How can I download a sizable subset of a dataset


I would like to download 5% of the German dataset from allenai/c4. It is a huge, 300+ billion-word dataset, so its 5% is also very big. My initial idea was to stream it, sample every 20th document, and then convert the iterable dataset back to a regular one, like this:

def gen_from_iterable_dataset(iterable_ds):
    yield from iterable_ds

def sample_fn(elem: dict|Any, rate: float):
    return random.random() < rate

de_train_it1 = datasets.load_dataset(
    "allenai/c4", "sr", split='train', streaming=True
de_train_it2 = de_train_it1.filter(partial(sample_fn, rate=0.05))

de_train = datasets.Dataset.from_generator(
    partial(gen_from_iterable_dataset, de_train_it),

Now, there are multiple problems with this code:

  1. Is there no way to convert an IterableDataset back to a Dataset without the clumsy gen_from_iterable_dataset approach (taken from Can I convert an `IterableDataset` to ` Dataset`? - Stack Overflow)?
  2. The num_proc=80 part is disregarded (“Setting num_proc from 80 back to 1 for the train split to disable multiprocessing as it only contains one shard.”). Is there no way around it?
  3. In either case, it seems as if I cannot force the iteration to happen in more than a single process, even though the original dataset has 256 shards. I end up with 100 samples / second, which would generate the dataset for me in 25,000 hours. :slight_smile:

So the question is: is there a way to download a subset of a dataset with acceptable speed? Thank you!

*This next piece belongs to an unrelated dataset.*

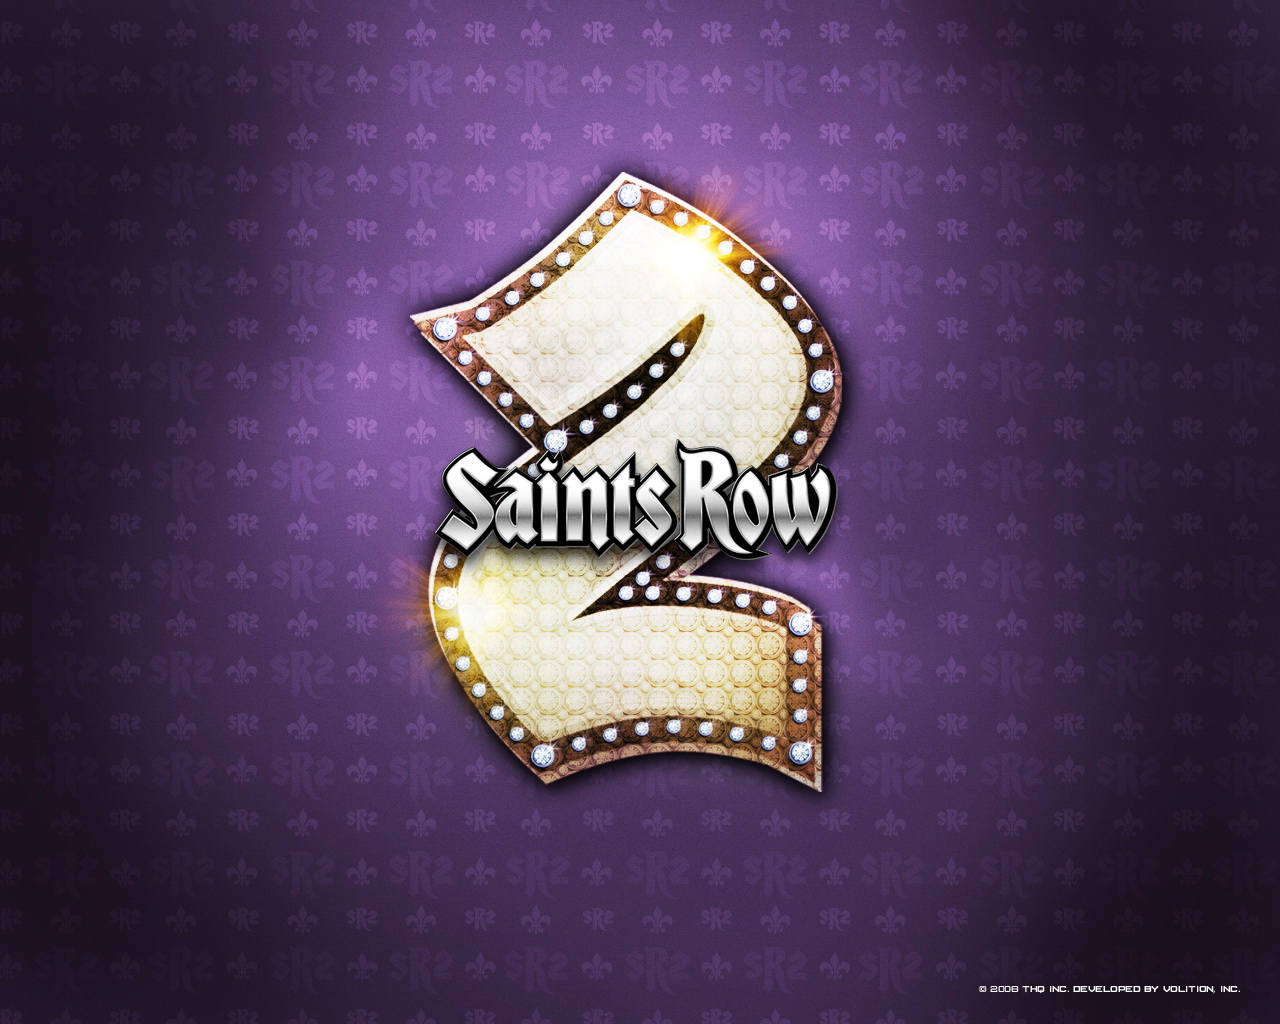 Saints Row 2 Wallpapers

You could download only the first 100 files of the dataset ?
That’s approximately 4,9% of the 2048 files of the "de" subset

from datasets import load_dataset

data_files = "multilingual/c4-de.tfrecord-000*-of-*.json.gz"
de_train = load_dataset("allenai/c4", data_files=data_files, split='train', num_proc=50)

Alternatively you can pass a list of files to download if you want.